Wednesday, September 23, 2015

Suicide Prevention Month: Athletes and Suicide


As September comes to a close, so does Suicide Awareness Month, but should be in the spotlight year round.Sports, athletes, and poor mental health at first glance may seem like a game of "one of these things does not belong", as usually athletes appear to be stronger than an average person in both body and mind, but these people are often at higher risks at suicide due to added personal and external pressure athletes face.


Athlete and Suicide Facts

The facts, however, show that athletes are not immune to mental health issues. Just looking at a recent study of NCAA Athletes shows that the annual rate of suicide for male athletes was 1.35 per 100,000, and for female athletes it was 0.37 per 100,000. Among black athletes, the annual rate was 1.22 per 100,000, and among white athletes, the rate was 0.87 per 100,000 students. The highest rate of suicide occurred in football, with a rate of 2.25 instances of suicide per 100,000 athletes, which is partially explained by the result of head trauma. 

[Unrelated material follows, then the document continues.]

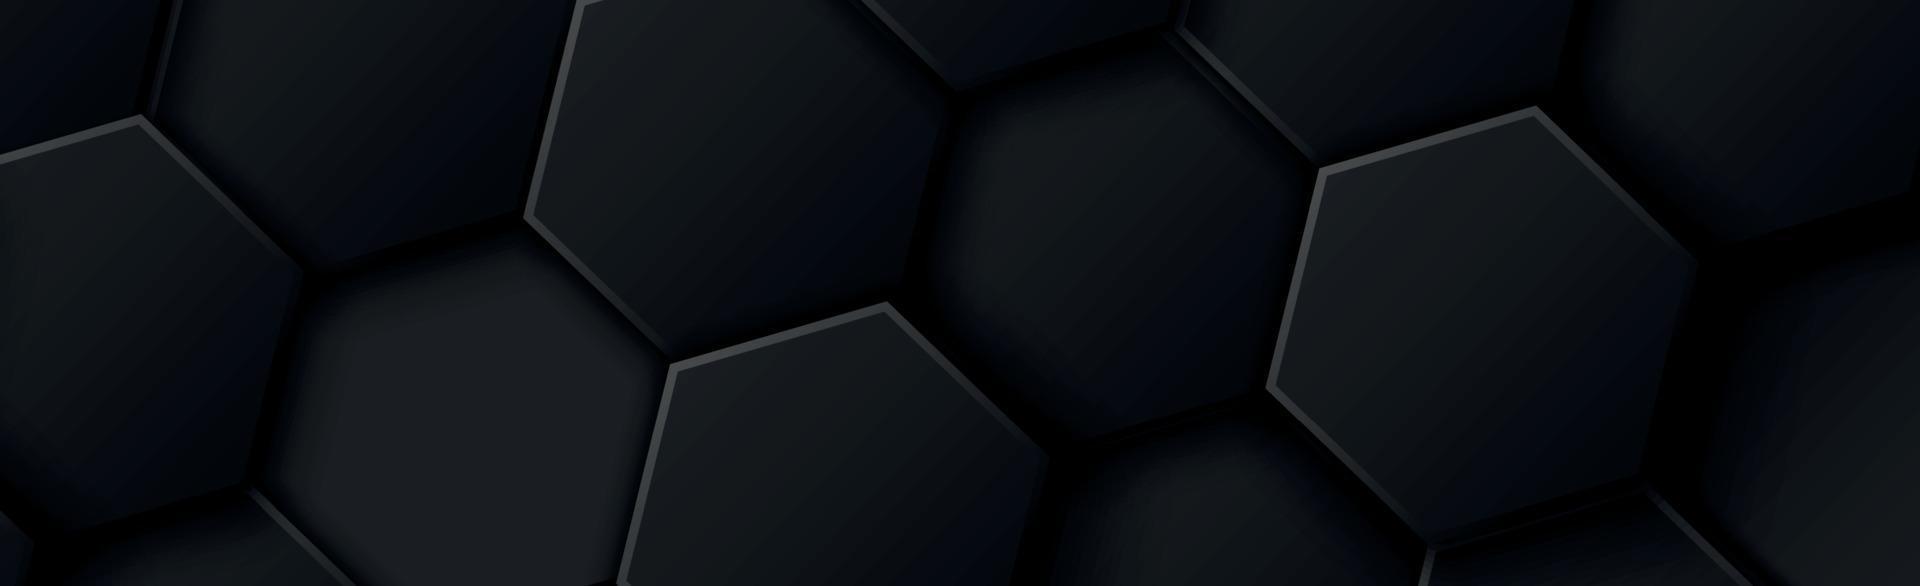 abstrakta hexagoner svart på en svart och grå bakgrund vektor

Generalizing these numbers, it's about 2 suicides per 200,000 athletes a year. A low estimate are that there are 460,000 NCAA Athletes competing each year. This means every year there will be approximately 4 student athletes who commit suicide each year. Over the 9 year study, there were 477 student-athlete deaths, and suicide represented 35 of these deaths, and the leading preventable cause of death during this time. This study doesn't include high school athletes or professional athletes, where in that case the number would likely be tripled. 


Preventable Disease

Often athletes are put on pedestals, basically local heroes, leading it to be difficult to accept their own personal struggles when everything would lead it to appear they are living the dream. However like mentioned previously, these deaths can be avoided with increased awareness, and removing the stigma of mental health. Nobody looks down on athletes when they have a ligament tear and have to take care of themselves or go to extra rehab, however as long as the cloud over mental health issues remain, student-athletes will not get the help they need as they try to ignore their problems.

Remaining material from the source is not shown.